- Born: 1939 (age 86–87)
- Education: University of Birmingham
- Awards: FRS (1990); Maxwell Medal (1977);
- Scientific career
- Fields: Mathematical physics
- Workplaces: Imperial College London.; University of Nottingham; Defence Research Agency;

= Eric Jakeman =

British mathematical physicist

Eric Jakeman (born 1939) is a British mathematical physicist specialising in the statistics and quantum statistics of waves. He is an emeritus professor at the University of Nottingham.

== Education ==
Jakeman was educated at The Brunts School in Mansfield, England. He received a degree in mathematical physics from Birmingham University in 1960, and a PhD in superconductivity theory in 1963.

== Career ==
He was the head of the scattering and quantum optics section at the Defence Research Agency, a visiting professor at Imperial College London, an honorary secretary of the Institute of Physics from 1994 until 2003, and finally a Professor of Applied Statistical Optics at the University of Nottingham from 1996. He was a member of the Council of the European Physical Society from 1985 until 2003.

== Awards and honours ==
In 1977, Jakeman received the Maxwell Medal of the Institute of Physics for his work on statistical optics.
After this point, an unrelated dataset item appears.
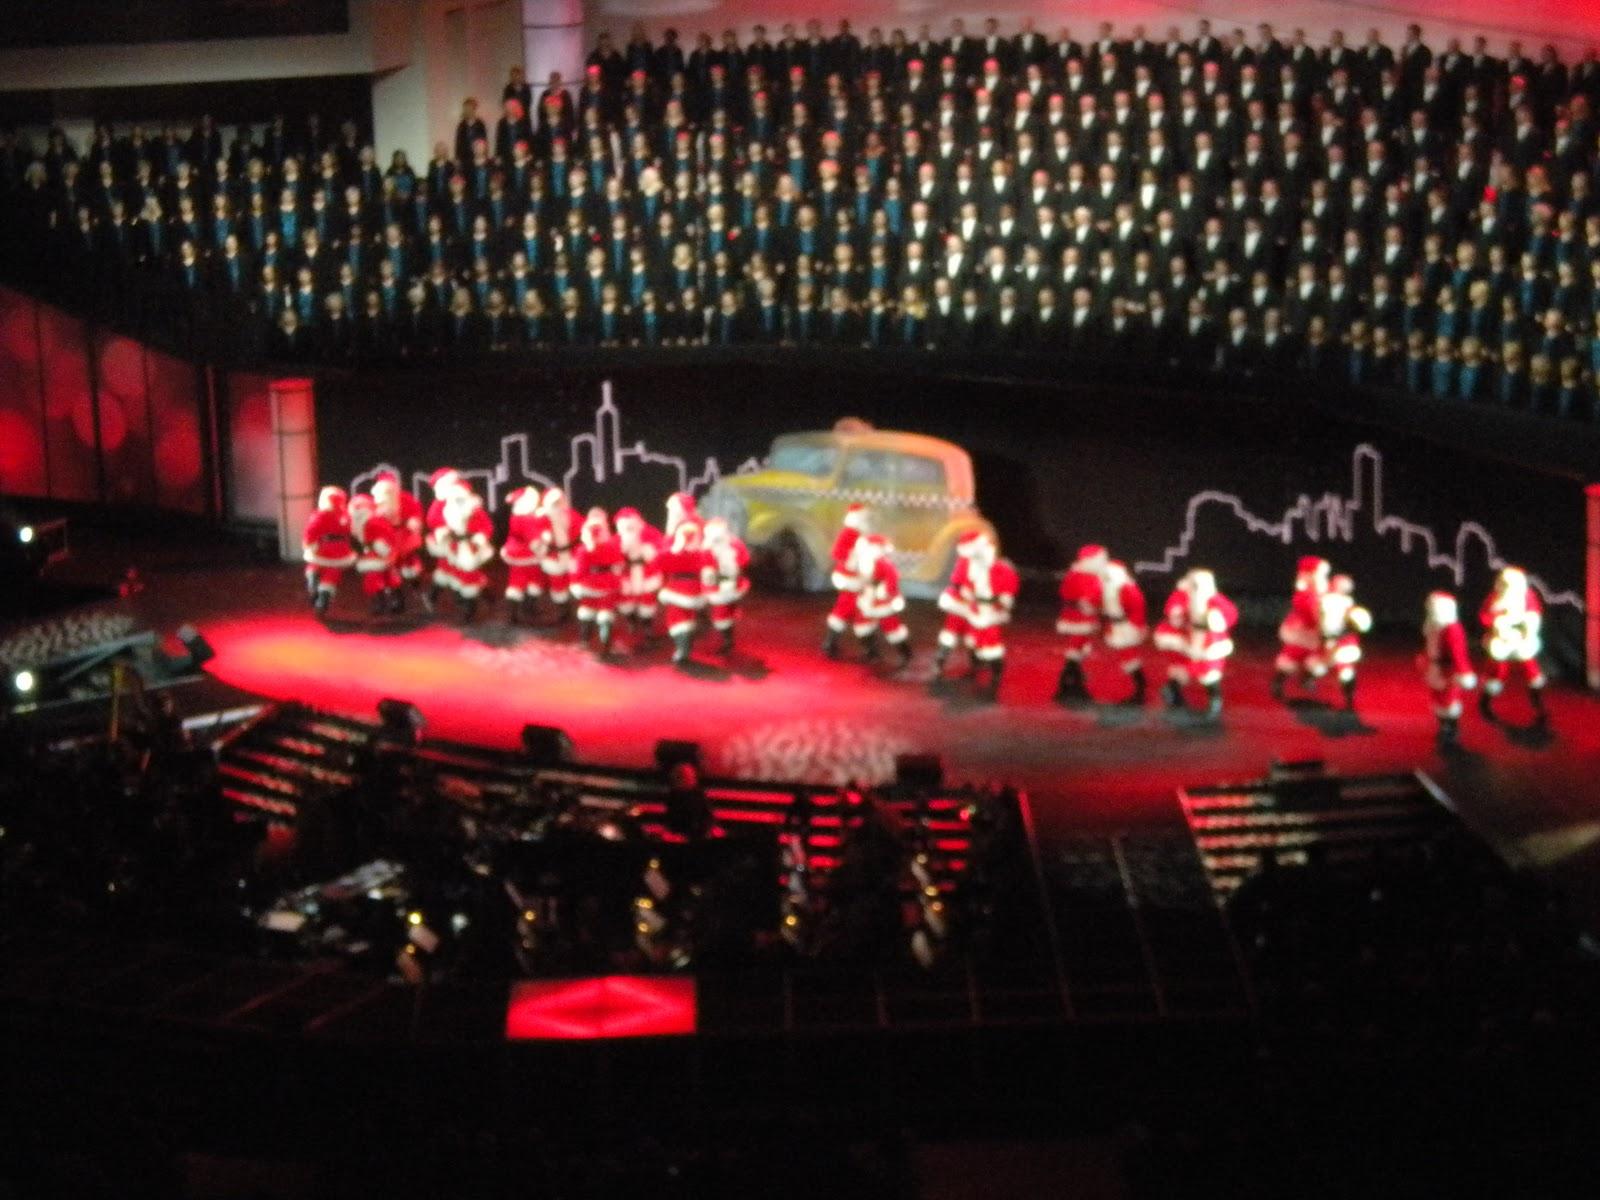 Prestonwood Christmas Show.Blog Archives Goovegalo
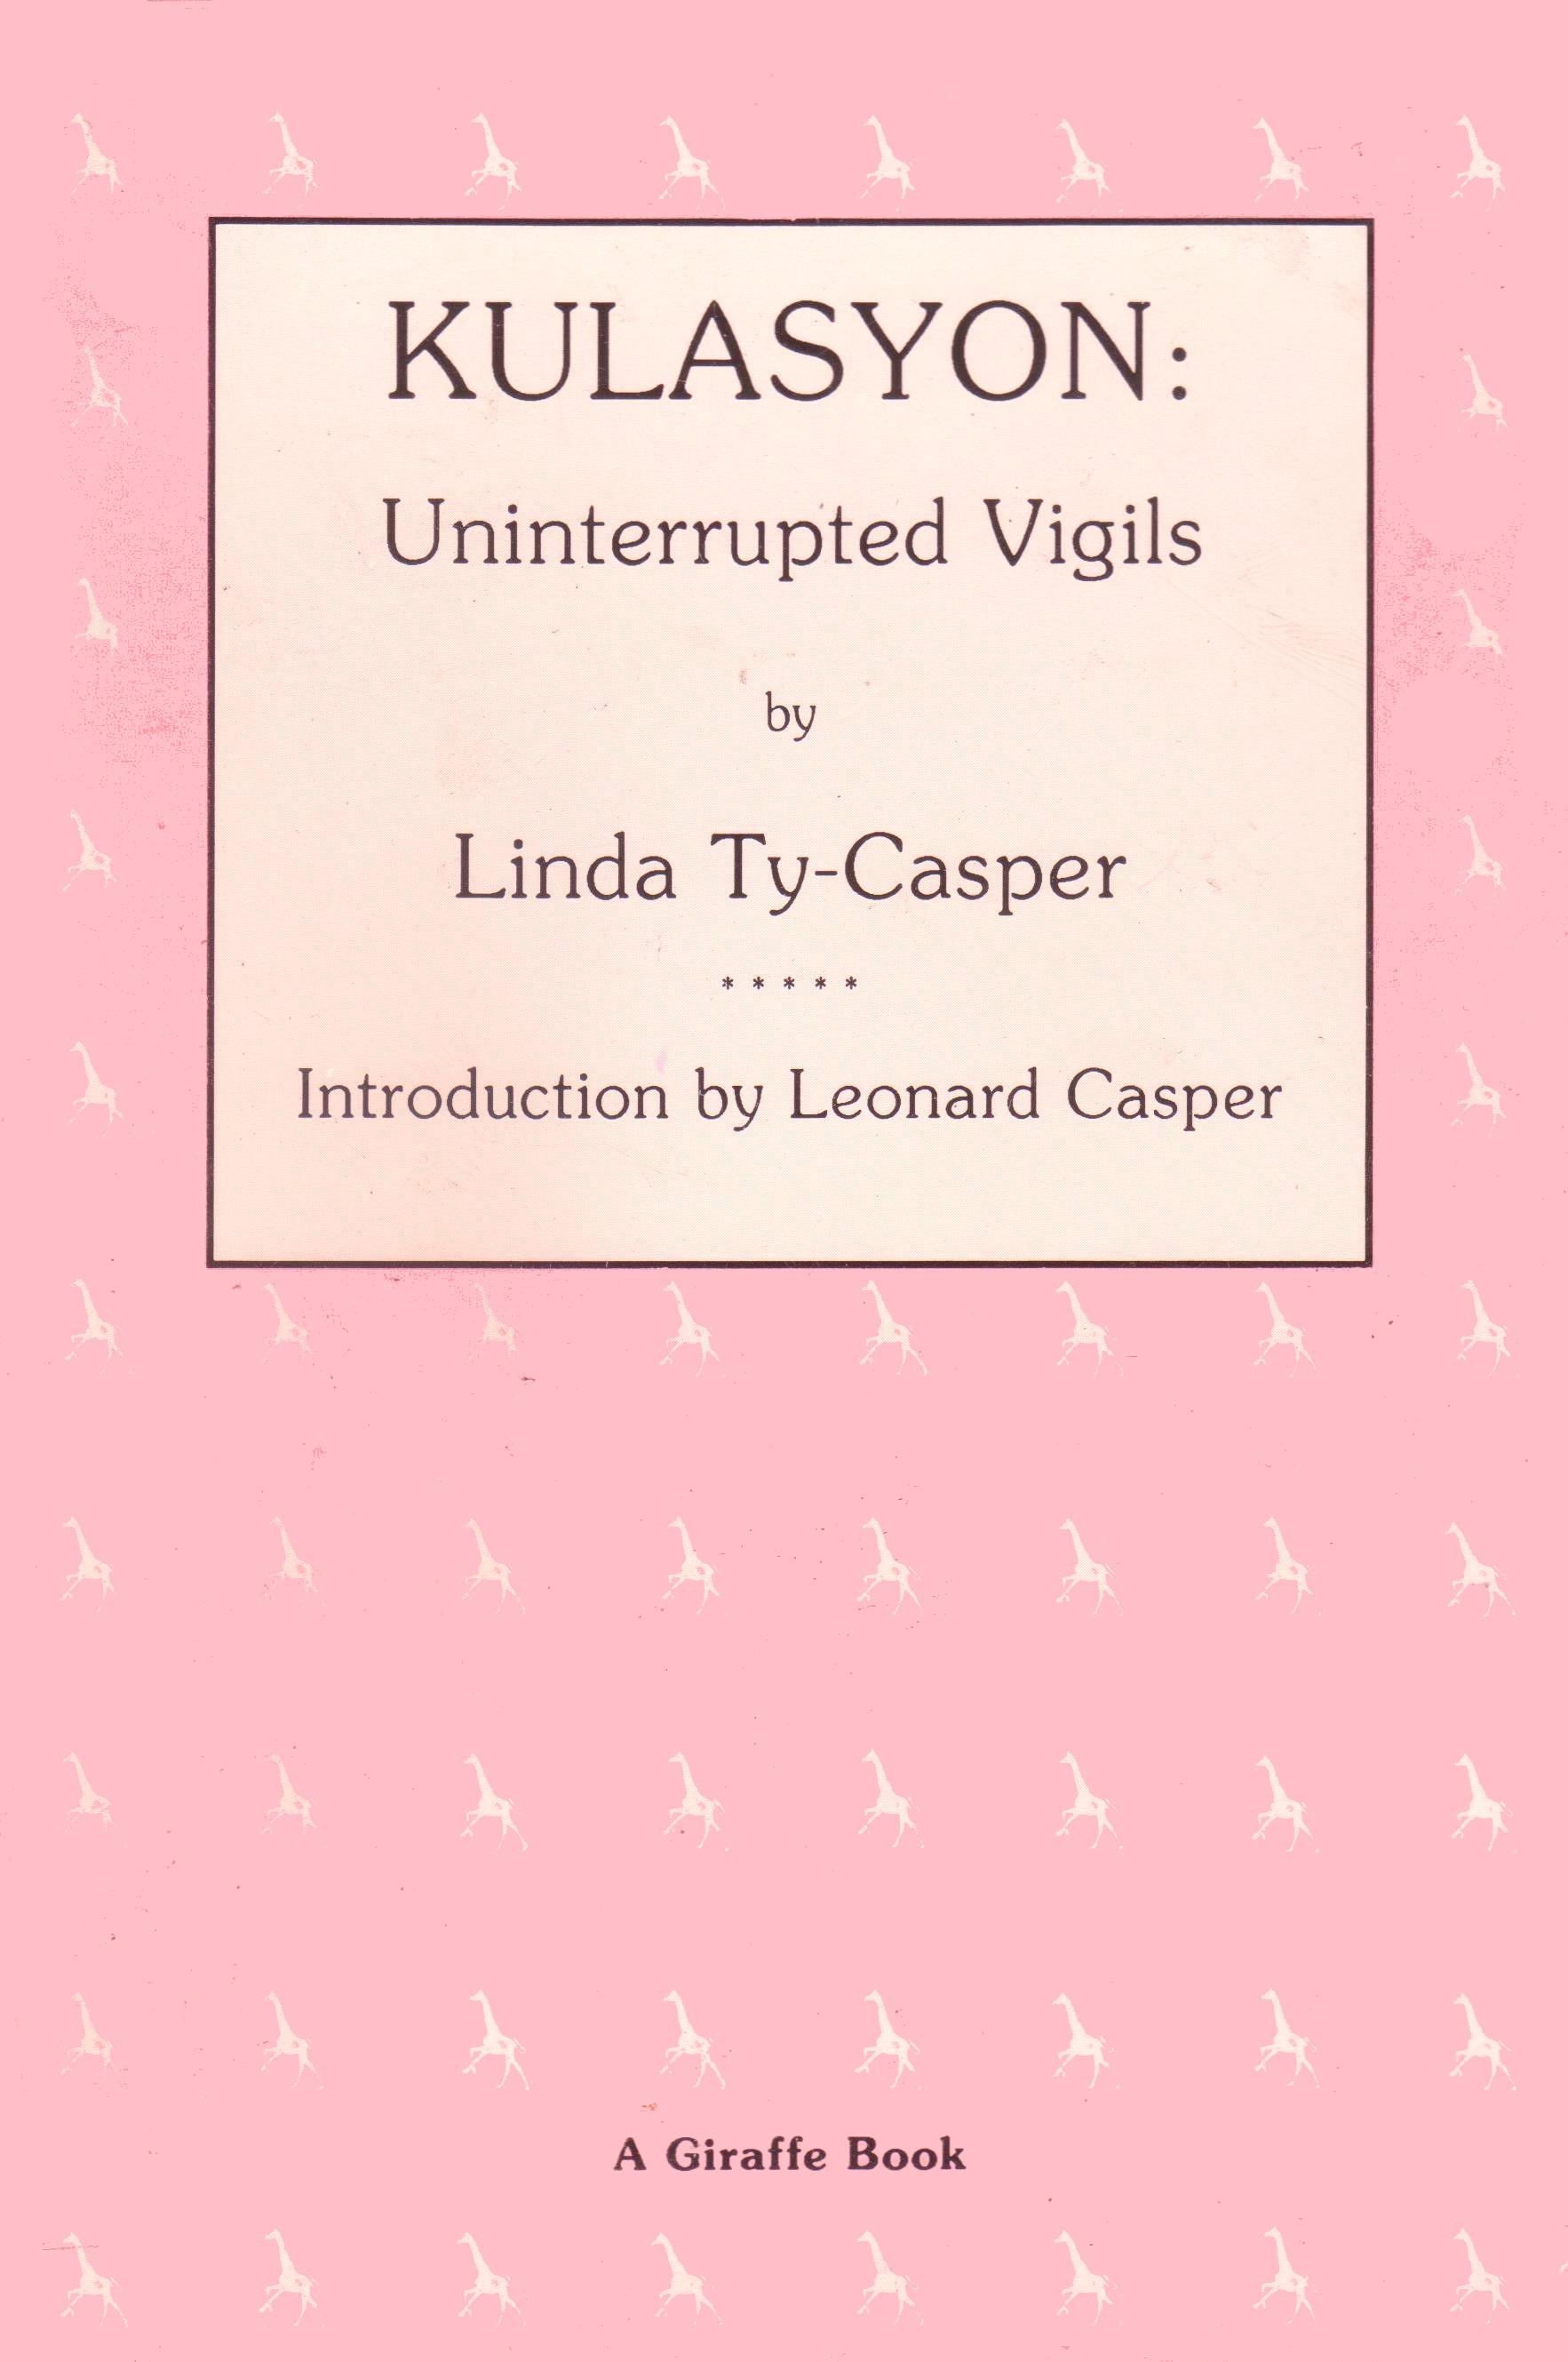 Kulasyon: Uninterrupted Vigils

He was elected a Fellow of the Royal Society (FRS) in 1990. His certificate of election reads:
Dr Jakeman is an internationally recognised expert in the statistics and quantum statistics of wave fields, particularly those arising in laser scattering. His theoretical work on photon statistics and speckle has made a unique contribution to the development of the technique of photon correlation spectroscopy which is now used to investigate structure and motion in a wide range of systems of importance in engineering, medicine, physics, chemistry and biology. He has also significantly advanced the subject of non-Gaussian scattering of waves by random media and has developed new noise models which are being widely applied in optical, microwave and acoustic scattering problems.

Jakeman has also made contributions to the field of heat and mass transfer, particularly on the subjects of morphological stability and oscillatory convection in crystal growth, and was jointly responsible for the notion of doubly-diffusive convection driven by the Soret Effect.